A Roth conversion is the process of moving (pre-tax) money out of a traditional IRA into a Roth account.  You pay taxes on the amount of the exchange, in return for never having that money taxed again, either as the Roth account grows or when you take the money out in retirement.

But the mathematics around these conversions can be a bit tricky.  Is it better to pay taxes now vs. when the money comes out?  The traditional (and rather simplistic) rule of thumb has been: if your tax rate in the future will be higher than it is today, then this move will save you money.  If not, then it will cost you money.  If the rates are the same, then the Roth conversion will be an essentially neutral transaction, from a tax standpoint.

So why is this tricky?  Because there are a number of other factors to consider.  First of all, you are paying taxes today in return for a tax break in the future.  If you put the money you would not have paid in taxes into a side account, what rate of return would it generate?  This, of course, is unknown, but so too are future tax rates.

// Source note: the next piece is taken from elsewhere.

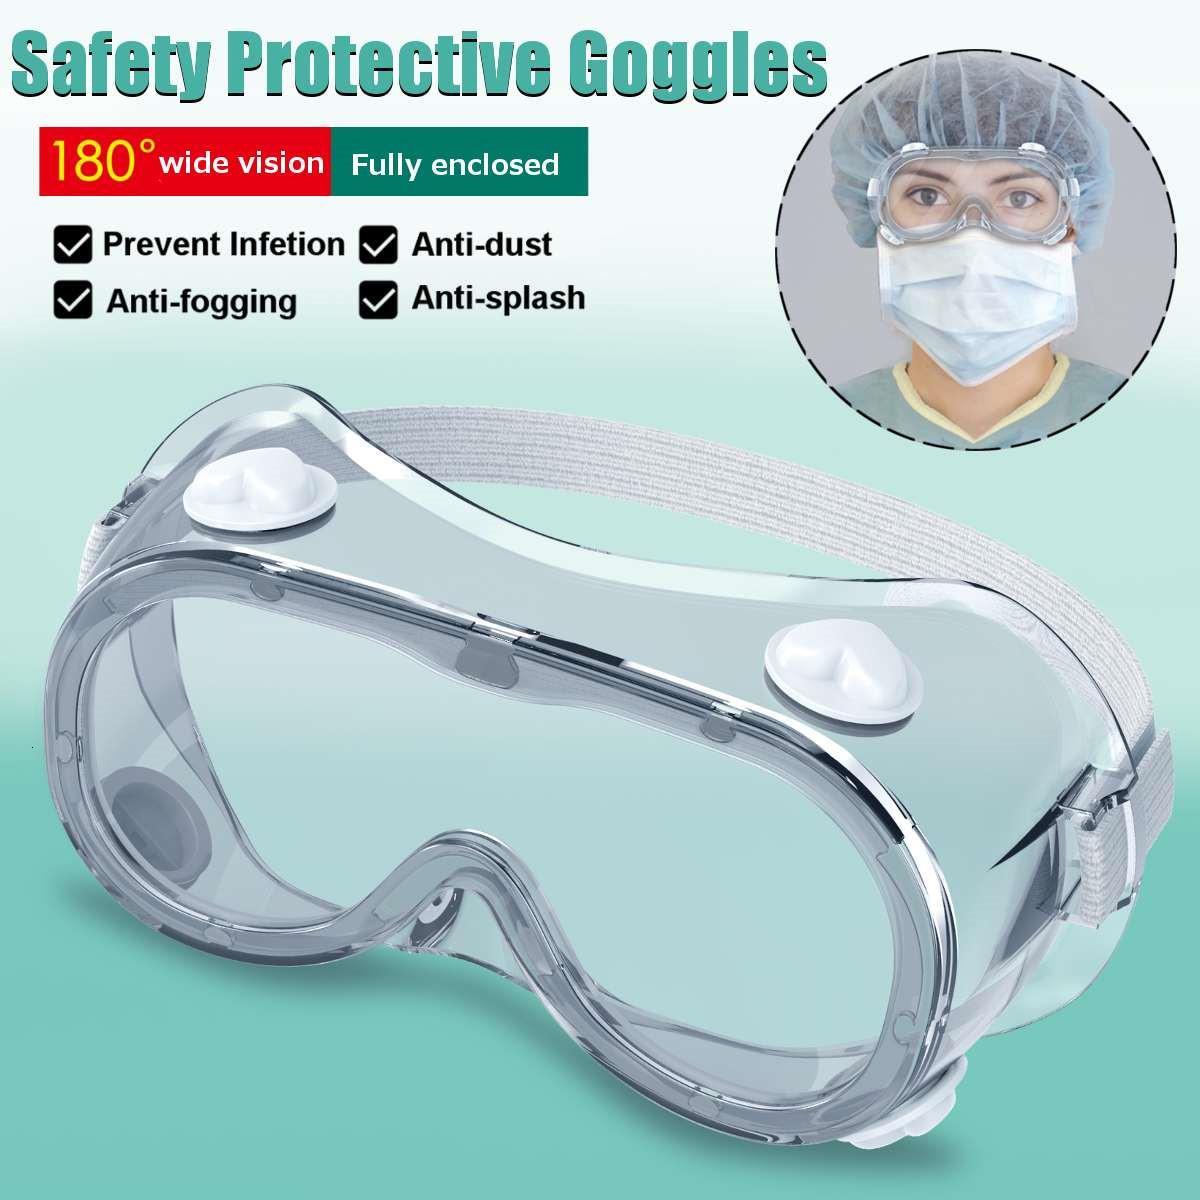 Occhiali protettivi 2 Tipo Goggles di sicurezza Goggles ampia Visione Monouso Eyrable Vent Anti-Fog Goggles Splash

A recent study looked at various factors, and found that the number of years between the conversion and the time when the money comes out can play a role in whether the Roth conversion is a winning or losing strategy.  Calculating the advantage based on this holding period, alas, is also complicated because we cannot predict the future rate of return or the future tax rate with any degree of confidence.  Another impact the article looks at is the tax cost of liquidating other parts of the portfolio to pay those taxes on the Roth conversion.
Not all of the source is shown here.